We had been asking him to give us $100 a month to "help" with the power bill since he has an above average amount of electronics in his room. He did this for about 5 months with no problem. The last two months, he has not been able to pay. The first time, we didnt say anything. It was a bad month, he had a major doctor bill, short hours, blah blah blah.

This last month, I only asked for 50 bucks because the power bill was lower. He still hasnt given me the money and we are halfway through this month.

He hasnt cleaned his bathroom in probably a year or more. It is disgusting. His bedroom looks like an episode of Hoarders. Not that my house is any better but still. He wont help in the kitchen either. Tony asked him to wash up the dishes one day and he got an attitude. Told him it was all from stuff WE did, that he didnt cook or make stuff or even eat much here. Well that may be somewhat true but he does live here and he doesnt pay rent and he does eat here and he does cook...even if he doesnt want to admit it because I see stuff disappearing and wrappers appearing.

I find bowls in the sink, dishes soaking in cold, greasy water.

I am getting fed up.

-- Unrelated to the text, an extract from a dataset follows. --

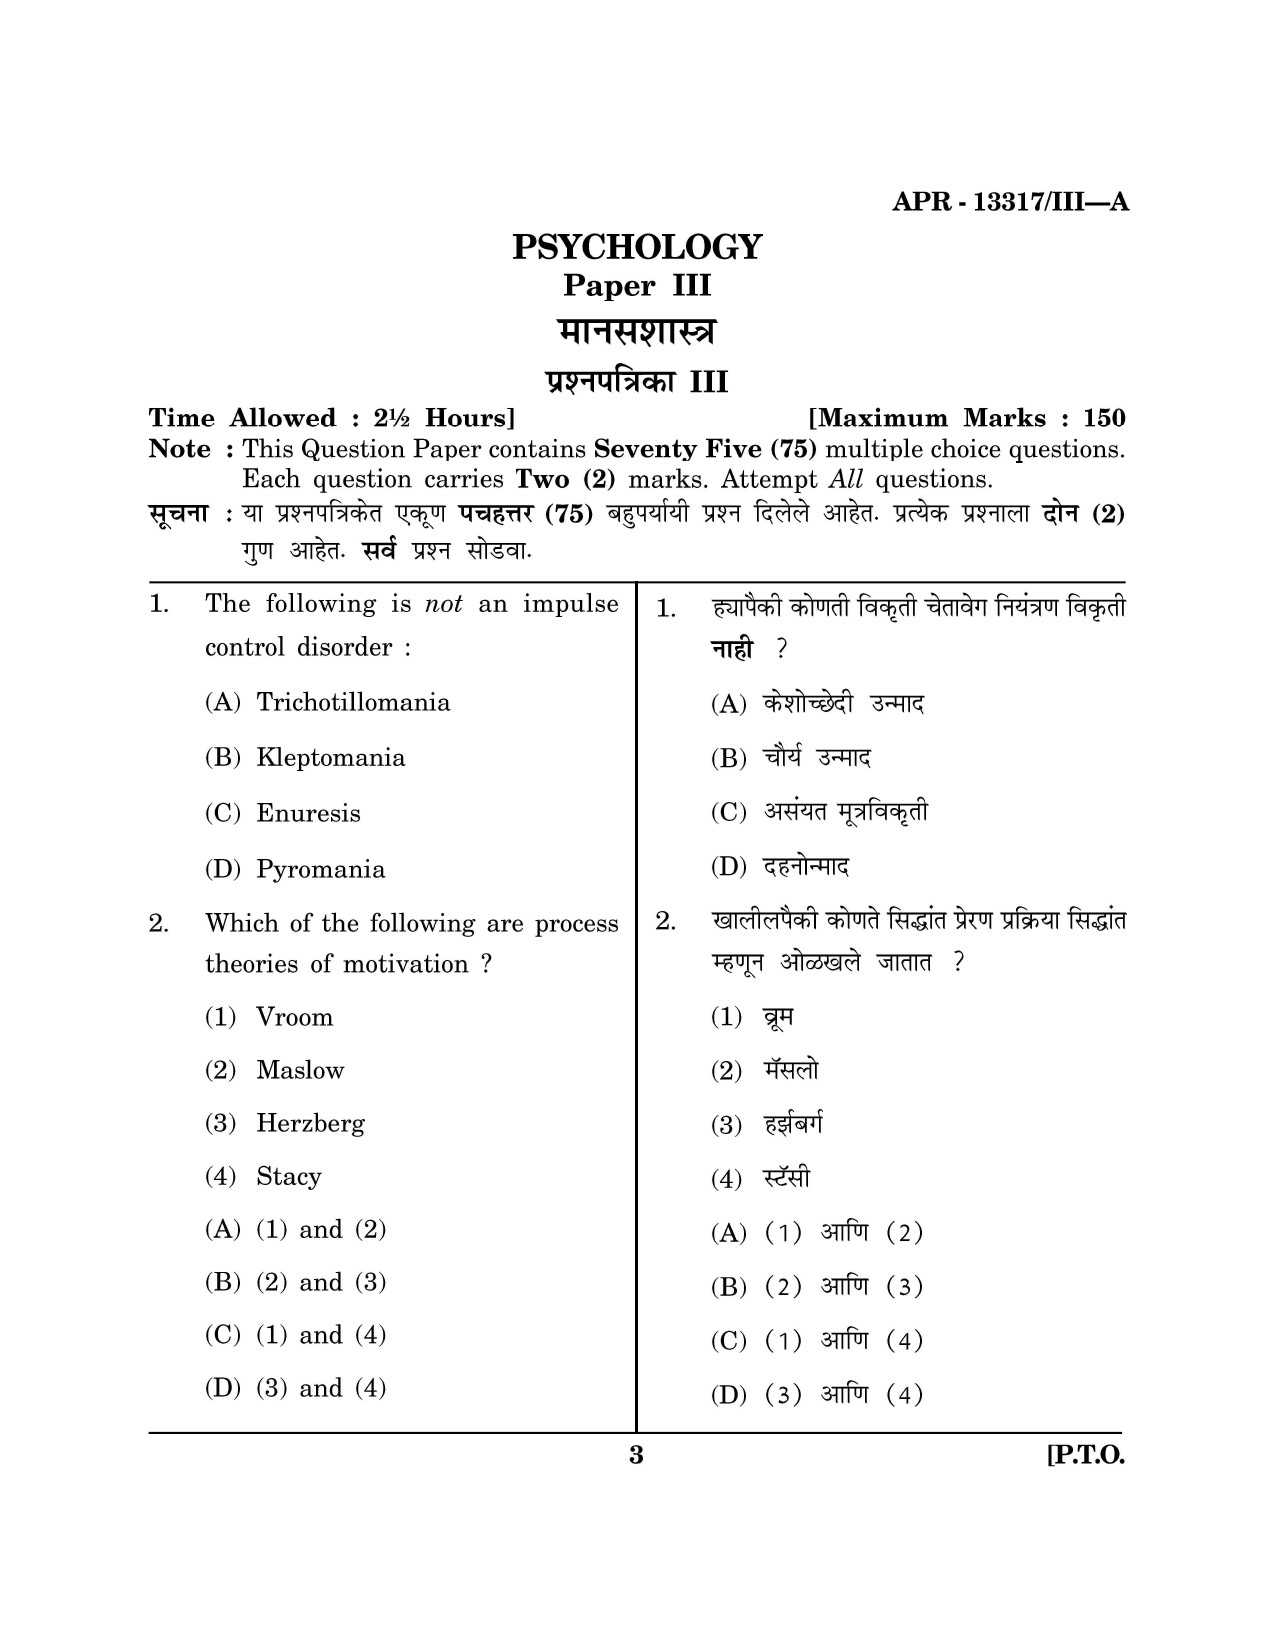 Maharashtra SET Psychology Question Paper III April 2017 2

I told Tony it may well be time we need to think about nudging him out of the nest. He balks. He doesnt think he can do it. I try to point out he wouldnt put up with this koi from any of the others. Why should we from Billy? He's special. Blah. He cant make it on what he earns. Well that may be true but what incentive does he have to do better if he has it made here? I realize he seems like he is trying to find a better job but I dont know how much of a sincere attempt that really is...ya know? I think he allows his job to take advantage of him and not go get another part time job at least. Maybe after he gets his taxes back and gets a better car he can look for a better job farther from home.

I would force him into moving in with Cory but they cant get internet there and that is a deal breaker with Billy. He has to have internet.

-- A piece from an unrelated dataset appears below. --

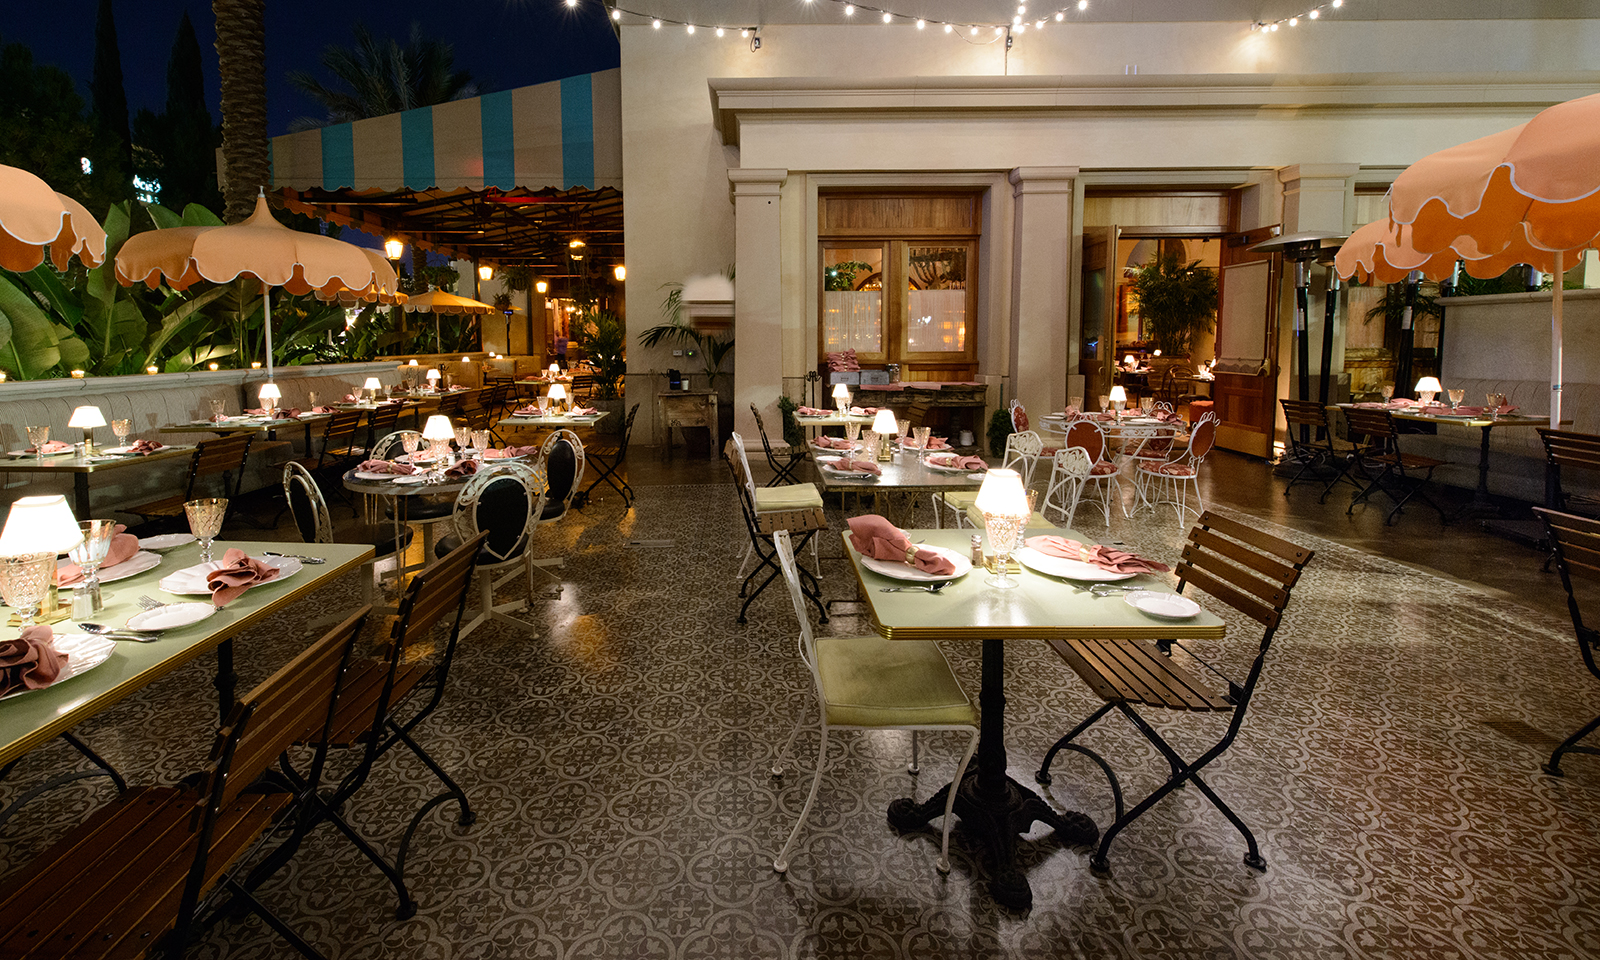 Next-level patio dining at Irvine Spectrum

I just dont know what to do. Im forced to clean everything up after all of us because he wont. Tony isnt here. It isnt fair to expect Tony to do it all when he is out of town working darned hard all week.
 

gcvmom

Here we go again!
Are there any potential roommates Billy could hook up with? That might be one way to transition him toward independence.
 

susiestar

Roll With It
Janet, have Tony get some locks for you. Lock the cabinets. Put a chain around the fridge. If Billy doesn't eat he won't need access. If he does, well, then he can do dishes to get access to the food. Do to Get, remember?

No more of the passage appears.